THE DATA Block Start

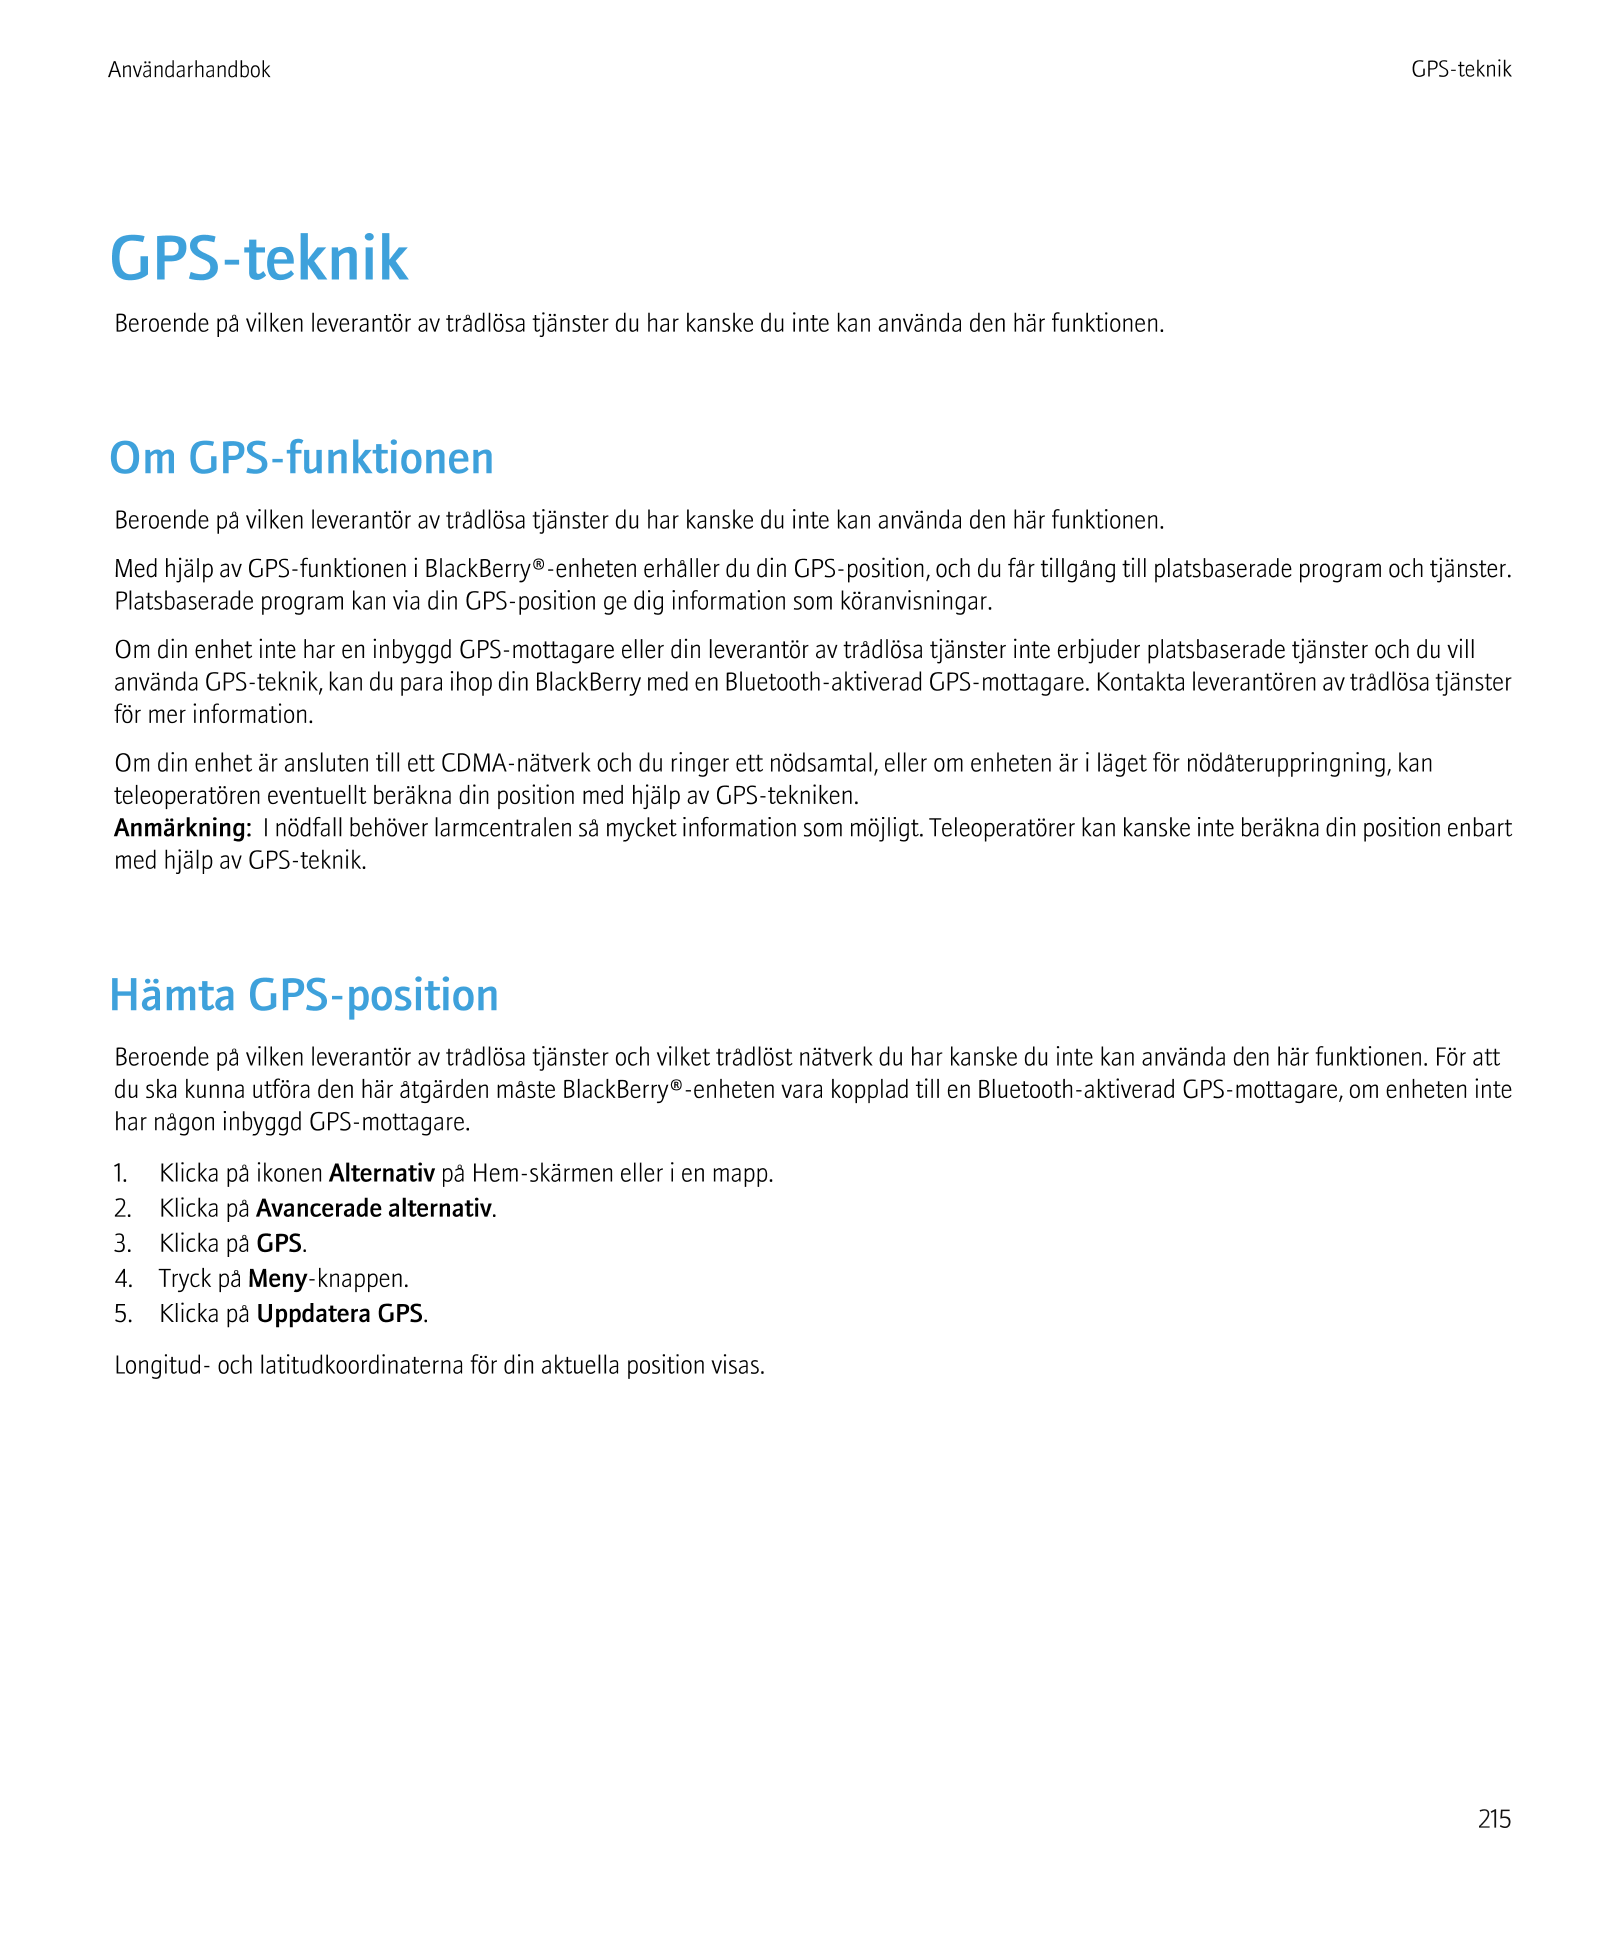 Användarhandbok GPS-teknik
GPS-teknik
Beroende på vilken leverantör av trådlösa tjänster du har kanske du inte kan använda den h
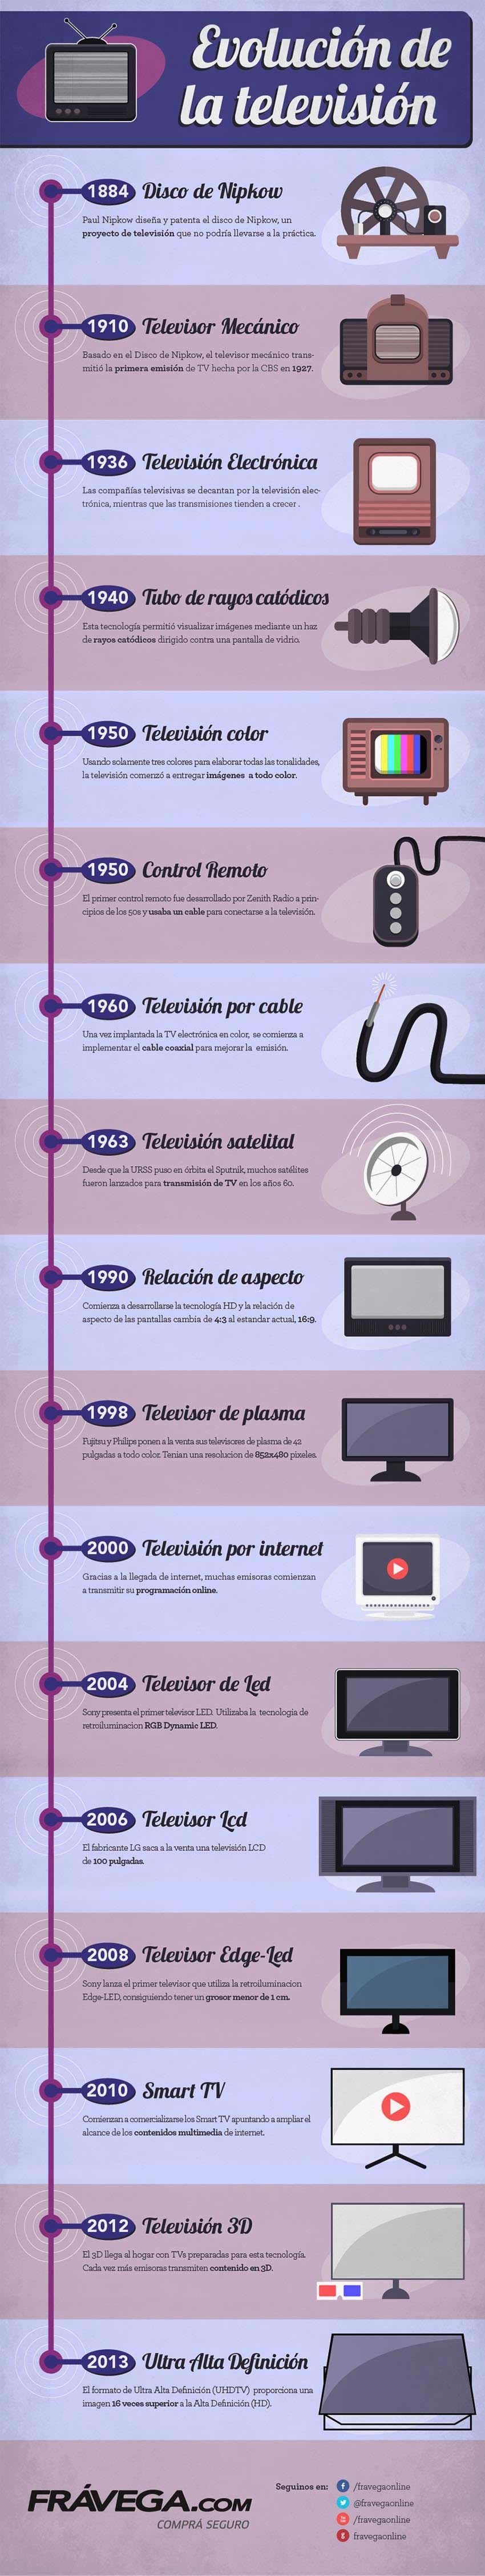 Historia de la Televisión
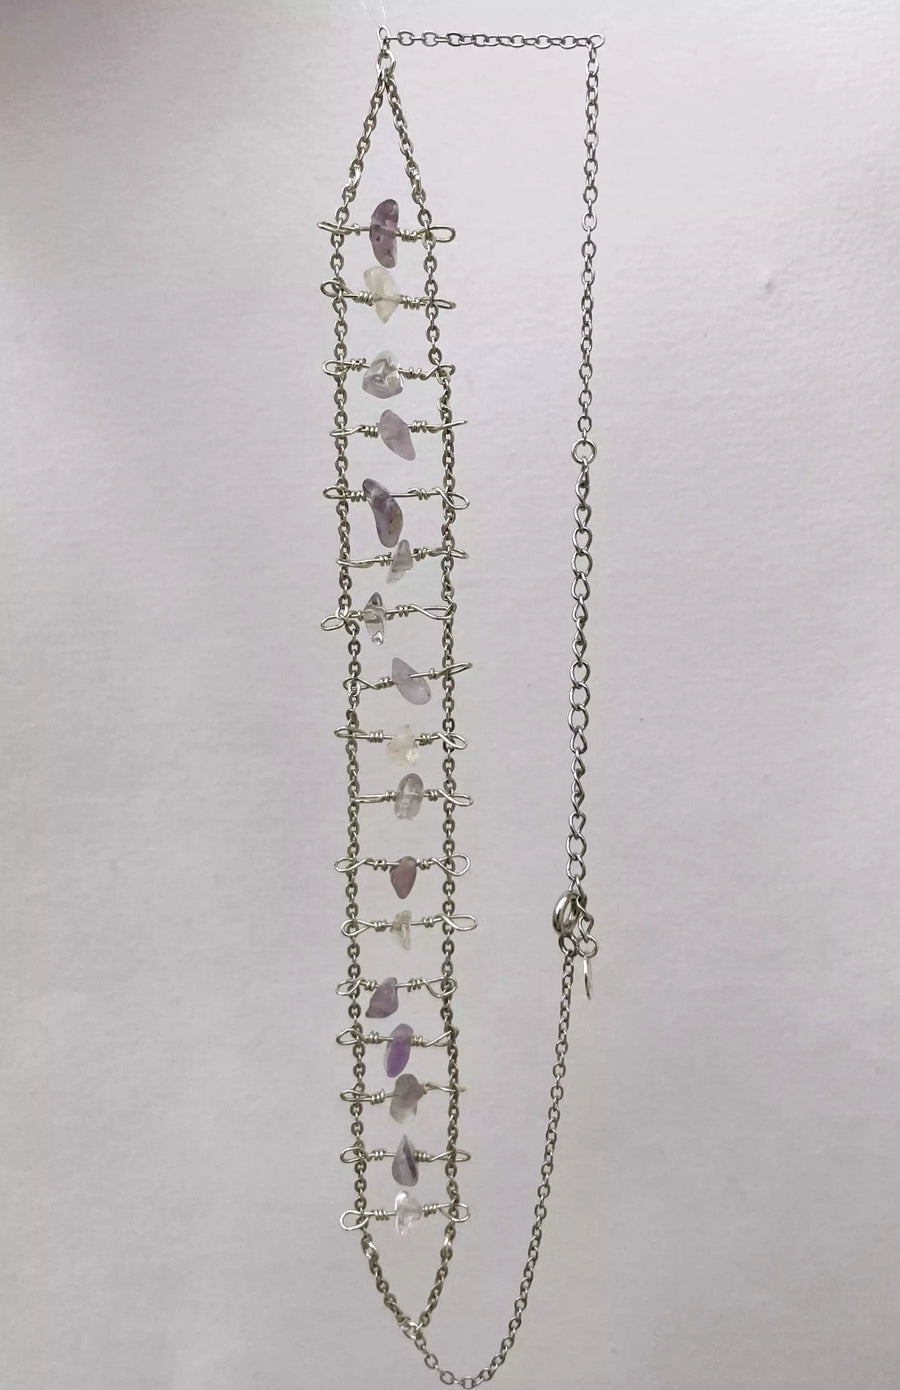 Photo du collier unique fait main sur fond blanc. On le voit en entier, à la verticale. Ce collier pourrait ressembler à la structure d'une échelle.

THE DATA Block End

THE TASK: Your task is to restate word for word the lines from the one containing "Beroende på vilken" through the last line of the data, both ends included, with no pictures.

ANSWER TO THE PROBLEM:
Beroende på vilken leverantör av trådlösa tjänster du har kanske du inte kan använda den h
 Historia de la Televisión
 Photo du collier unique fait main sur fond blanc. On le voit en entier, à la verticale. Ce collier pourrait ressembler à la structure d'une échelle.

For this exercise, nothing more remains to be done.